Apesar de conhecer as palavras com maestria, o poeta – segundo Paixão – é imprevisível


para com elas, pois pode escrever laudas lamentando um acontecido ou declarar seus
pêsames em apenas duas linhas. O que é relevante para o poeta são seus sentimentos que
demonstram a sua visão de mundo, e ele fará isso refazendo o significado das palavras,
retirando-as do seu cotidiano e colocando-as em um contexto diferente e, portanto, não
usual.

Diante disso, pode-se perceber que a poesia se qualifica principalmente pelo uso criativo
e inovador que se faz das palavras, expressando a subjetividade.
Antigamente, a linguagem possuía um caráter poético, desfrutado pelo coletivo por meio
dos rituais e cerimônias, mas com a divisão dos homens em classes sociais coagiu a poesia
a limitar-se ao domínio dos poetas. A linguagem deixou de ser expressão coletiva de
autenticidade para tornar-se instrumento de dominação do homem sobre o homem. Em
virtude dessa problemática, passou a sobressair na sociedade a linguagem prática usada
na política em função de resultados econômicos e sociais, enquanto o valor da linguagem
poética foi esvaindo-se e tomando um lugar de privilégio onde poucos têm acesso.

Diante disso, Paixão apresenta a seguir o que ele entende como sendo um grande impasse
da sociedade atual, que é entender a poesia contemporânea. Tal problemática dá-se pelo
fato das pessoas lerem poemas como se lê um jornal ou como se estuda um livro didático.
Esses materiais impressos lidos por uma grande parcela da sociedade são como maneiras
de dominação, onde comumente é ditado o que deve ou não deve ser feito. Com o seu
desânimo mental, adaptadas às normas recebidas pelos ditadores acerca das trilhas do
caminhar, os indivíduos assustam-se ao notar que a poesia fala sobre o incerto e usa
expressões de subjetividade. Aterrorizam-se de verem que a poesia não conduz a um
aprendizado direto e imediato, mas estimula o uso das faculdades do pensar, além de
estimular o senso crítico do ser que, em tese, deveria ser pensante e fazer da subjetividade
a sua alavanca em busca de benefícios.

Como já mencionado, o grande motivador de tal problemática é o inacesso as poesias,


estando disponível a uma pequena parcela dominante, tendendo à formação do quadro
social poético que Fernando Paixão nos apresenta.

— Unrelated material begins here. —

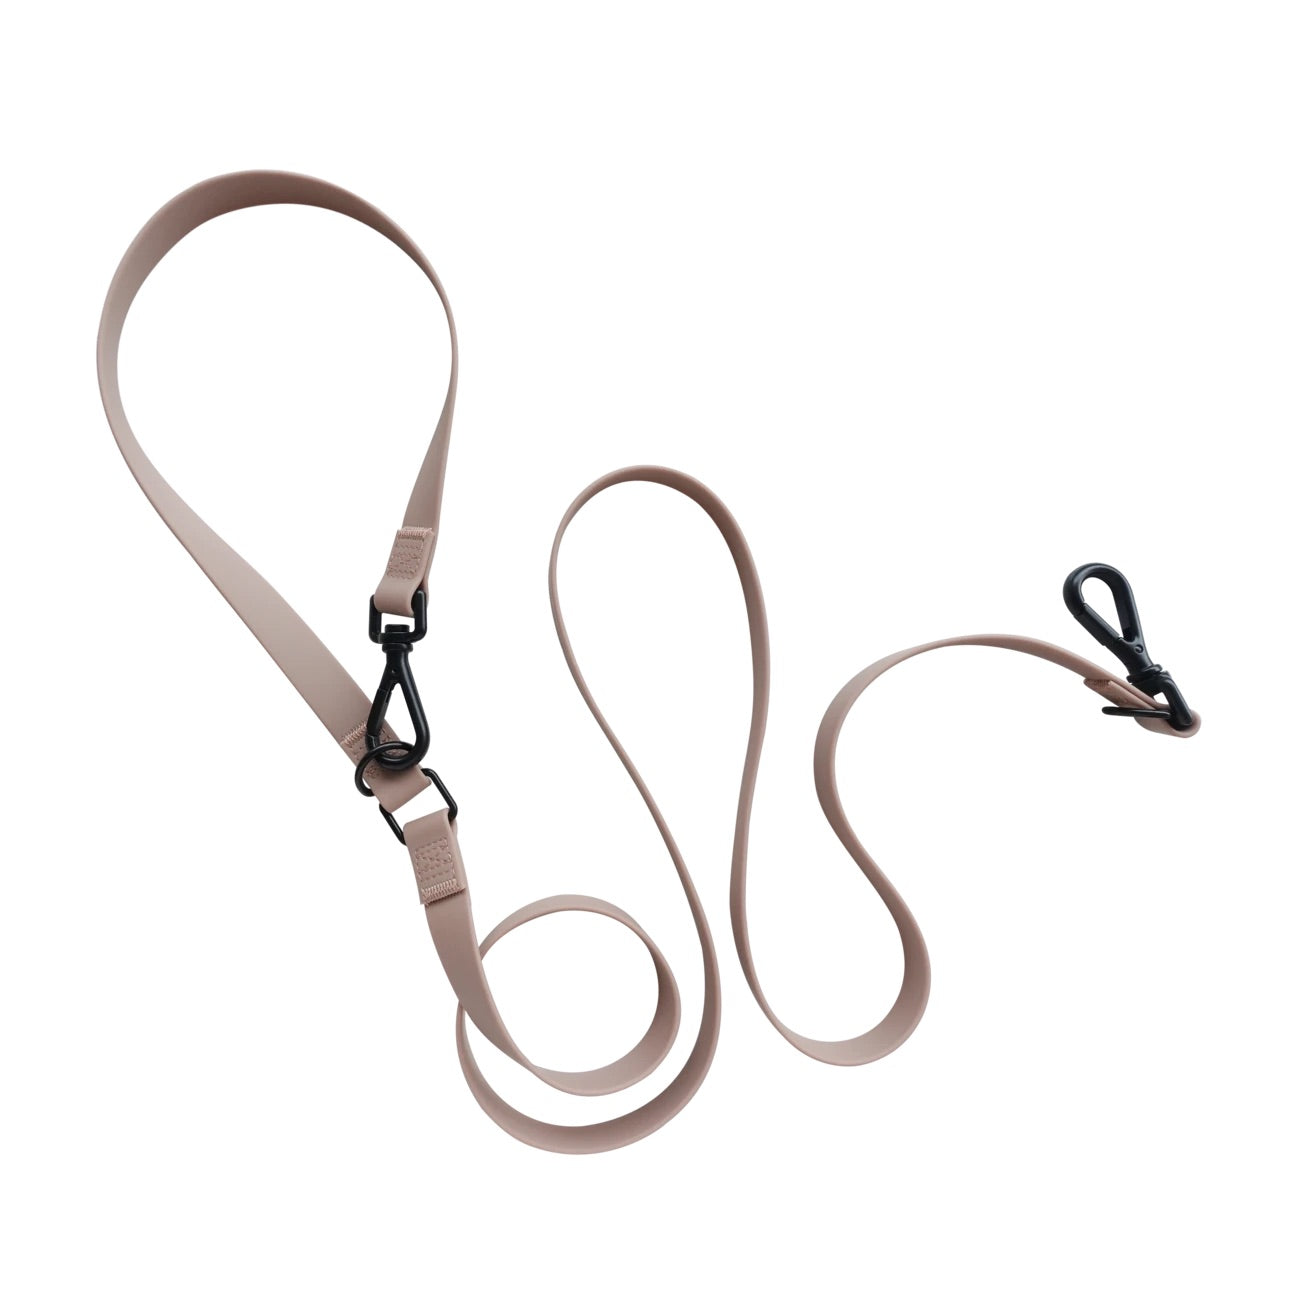 MELLEM narrow - 2cm wide // all weather convertible leash / 6ft or 180cm max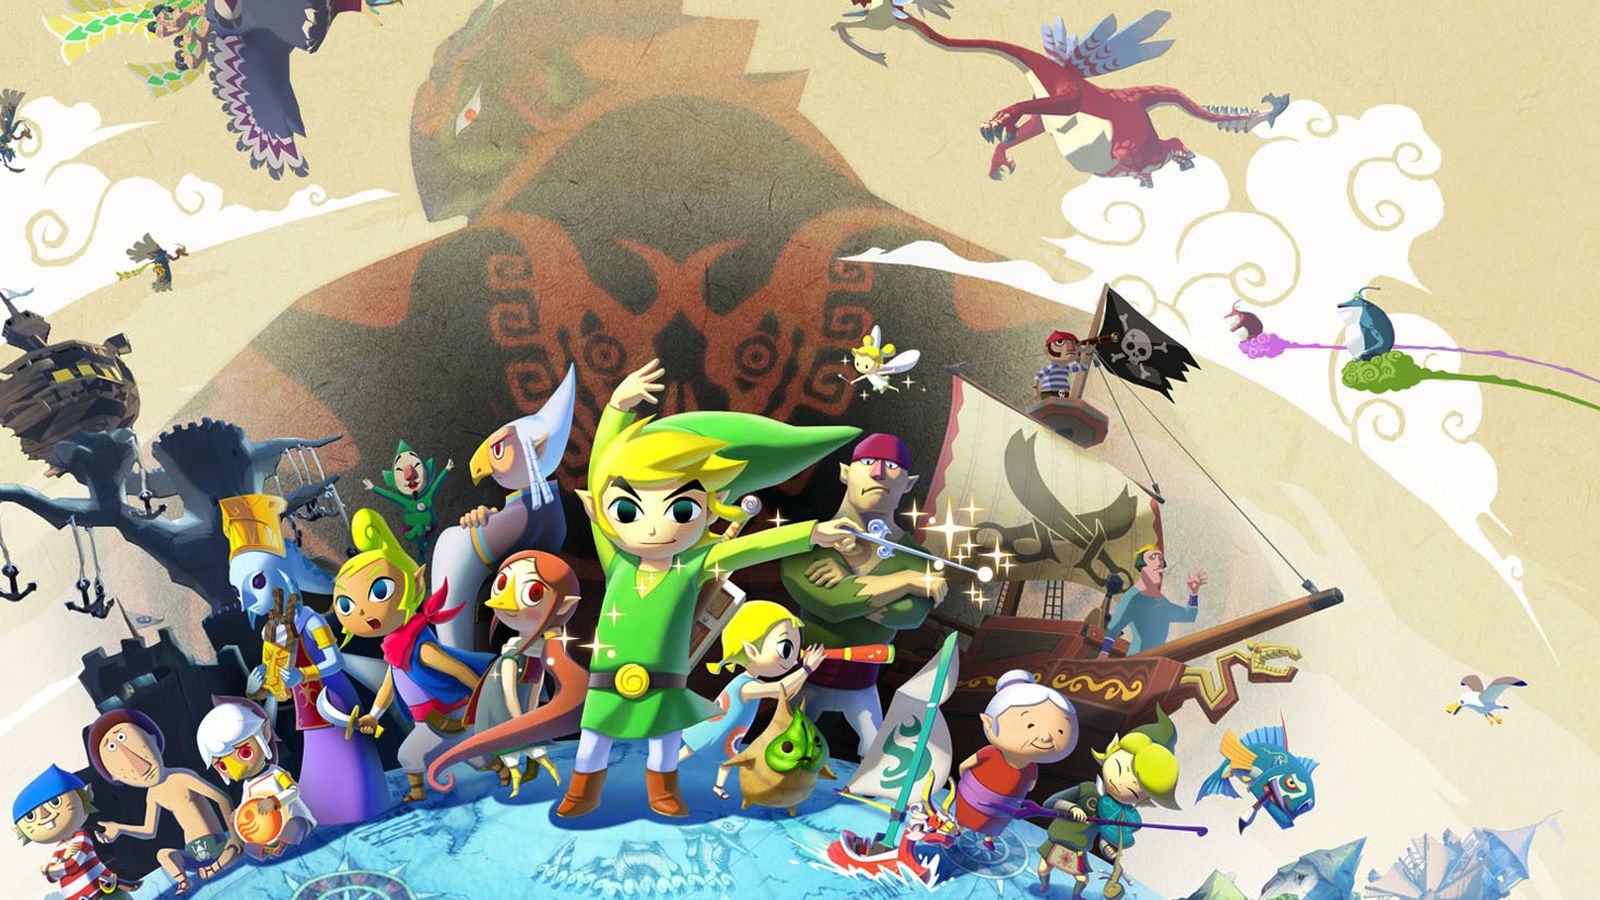 Wind Waker HD launch trailer returns us to a flooded world of sail.

O autor expõe, de forma prática, quatro tempos que se encontram no momento do poema,
apresentando a sua concepção no tempo. Paixão nos fala sobre o tempo histórico-social
vigente na situação ideológica do poema; o tempo pessoal do indivíduo do poeta, com
suas próprias experiências, existências e a sua vivência na linguagem durante anos; o
tempo das imagens que aparecem intrínsecas no poema, onde aos poucos são revelados
que o poeta tem um universo simbólico e, por fim o tempo rítmico da frase, em que o
leitor é incentivado a um movimento imaginário no pensamento.

Fazendo aplicação da subjetividade, o poeta determina uma ponte entre ele, com seu
universo simbólico e o real. Percebe-se então que todos os tempos, através do uso das
tendências emocionais, passam a se relacionar simultaneamente dentro da realidade,
viabilizando assim que o poeta faça a associação dos quatro tempos, sintetizados por meio
do tempo poético, apresentando no tema central do poema a ligação desses tempos
determinantes.

No último capítulo, o papel do devaneio também é levantado pelo autor permitindo ao


poeta o livre passeio entre as ideias e as coisas da realidade, sem uma pré-organização e
sem uma ordem temporal fixa.

Paixão finaliza o livro afirmando que o ser poético – bem como o fazer – não equivale
somente a ter sabedoria para procurar palavras e organizar estruturalmente os versos, mas
principalmente saber britar e jardinar fatos no mundo da vida: solidariedade, diferenças,
amor, ou seja, uma capacidade que esteja ao alcance de todos.

Dessa forma, é compreensível a visão de Fernando Paixão a respeito da definição de


poesia: verso que desfruta da criatividade e inovação no jogo das palavras, resultando no
processo de subjetividade que provoca comoção no leitor conforme suas vivências.

REFERÊNCIAS BIBLIOGRÁFICAS

PAIXÃO, Fernando. O que é poesia. São Paulo: Brasiliense, 1982.